Time Scout

Home > Science > Time Scout > Page 13
Time Scout Page 13

by Robert Asprin


  "Well ...he's not exactly the kind of person it's easy to call that."

  Malcolm drew his own conclusions. "He scares you."

  She glanced up swiftly. The little-girl vulnerability in her eyes shocked Malcolm nearly speechless. Then the moment passed and the flippant "who cares" look was back. "Nothing scares me."

  Malcolm stopped several feet short of the elevator, causing Margo to stop short as well.

  "What?" she wailed. "What'd I do now?"

  "Margo," he said gently, "if nothing scares you, then I may not have very long to get to know you. And that's sad.
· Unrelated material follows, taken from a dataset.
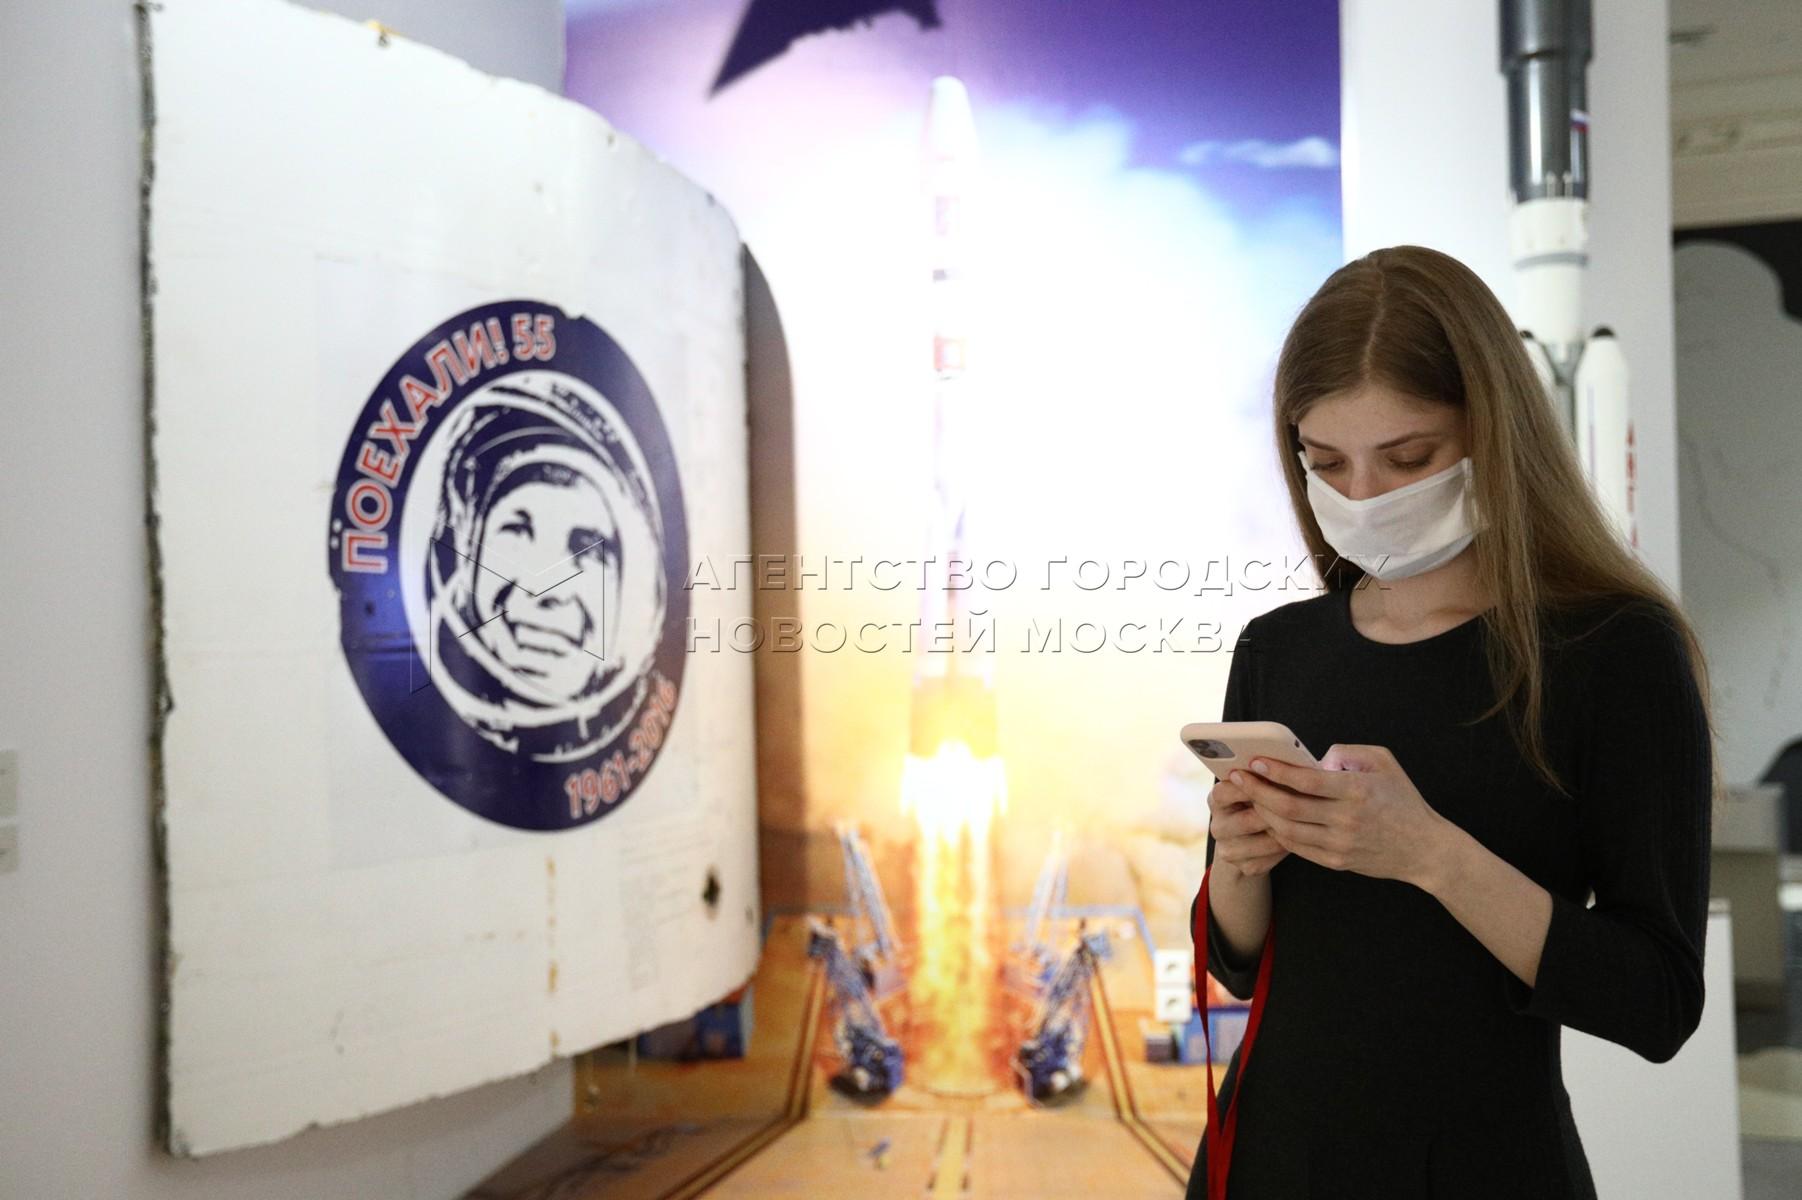 Залы XXI века с актуализированной экспозицией в Музее современной истории России.

Sadder than you can know."

  A tiny vertical line appeared between manicured brows the color of bright new flames. She studied him with frank curiosity, head tip-tilted to one side like a canary faced with an unknown beast beyond its wire cage. It occurred to Malcolm that she was very, very young and trying desperately to hide it. Hard on the heels of that thought was another: She's been roughed up by life already. Dammit, she's too young to look like that. What the hell happened to this kid before she found Kit? The interest he felt turned suddenly protective.

  Margo sighed, which prevented him from saying anything he might have later regretted. "You're odd, Malcolm," she said slowly.

  "Am I?"

  "Yes. You..." She didn't finish.

  "I don't hit on you like the other boys? Is that it?"

  Or maybe, considering the wary tension in her body, it wasn't just boys her own age who...

  Malcolm forced his thoughts into less private realms of speculation. "How about some lunch? I have sandwich fixings in my fridge. We could meet somewhere for a picnic on the Commons. Unless you have another lesson?"

  Margo relaxed fractionally. "Not that I know of," she said a trifle ruefully. "A picnic on the Commons sounds nice. I ..." She broke off abruptly.

  "What?"

  She mumbled something that sounded like "Never mind" and avoided his gaze.

  Malcolm touched her shoulder very gently. "Hey. It's me, remember? The guy you wiped up the mat with?"

  Almost as though disobeying a stern command to stay down, turned, a corner of her lips quirked upward. She sniffed once. "Huh. I gotta beat up a guy before he'll ask me out?"

  Malcolm laughed. . "No, but it ought to give you a little peace of mind, knowing you can."

  She gave him an odd look, then both corners of her lips twitched upwards.

  "That's better," he smiled. "Why don't you find a nice spot somewhere in Castletown, maybe by one of the garden pools. We'll have a quiet lunch."

  Her smile brightened. All right. You know, that sounds wonderful. Thanks, Malcolm."

  "My pleasure."

  He held the elevator door with a courtly flourish that brought sparkling laughter to her eyes. That brought a sense of dismay to Malcolm's determination to remain an utter gentleman. He could fall for this kid – hard -without much trouble at all. Margo got off at the Commons level with a cheery smile and headed toward Castletown. Malcolm watched her go, then punched the button for his floor. Whatever that little girl was hiding inside, it was hurting her. He'd started out the week feeling sorry for Kit. Now he felt sorry for them both.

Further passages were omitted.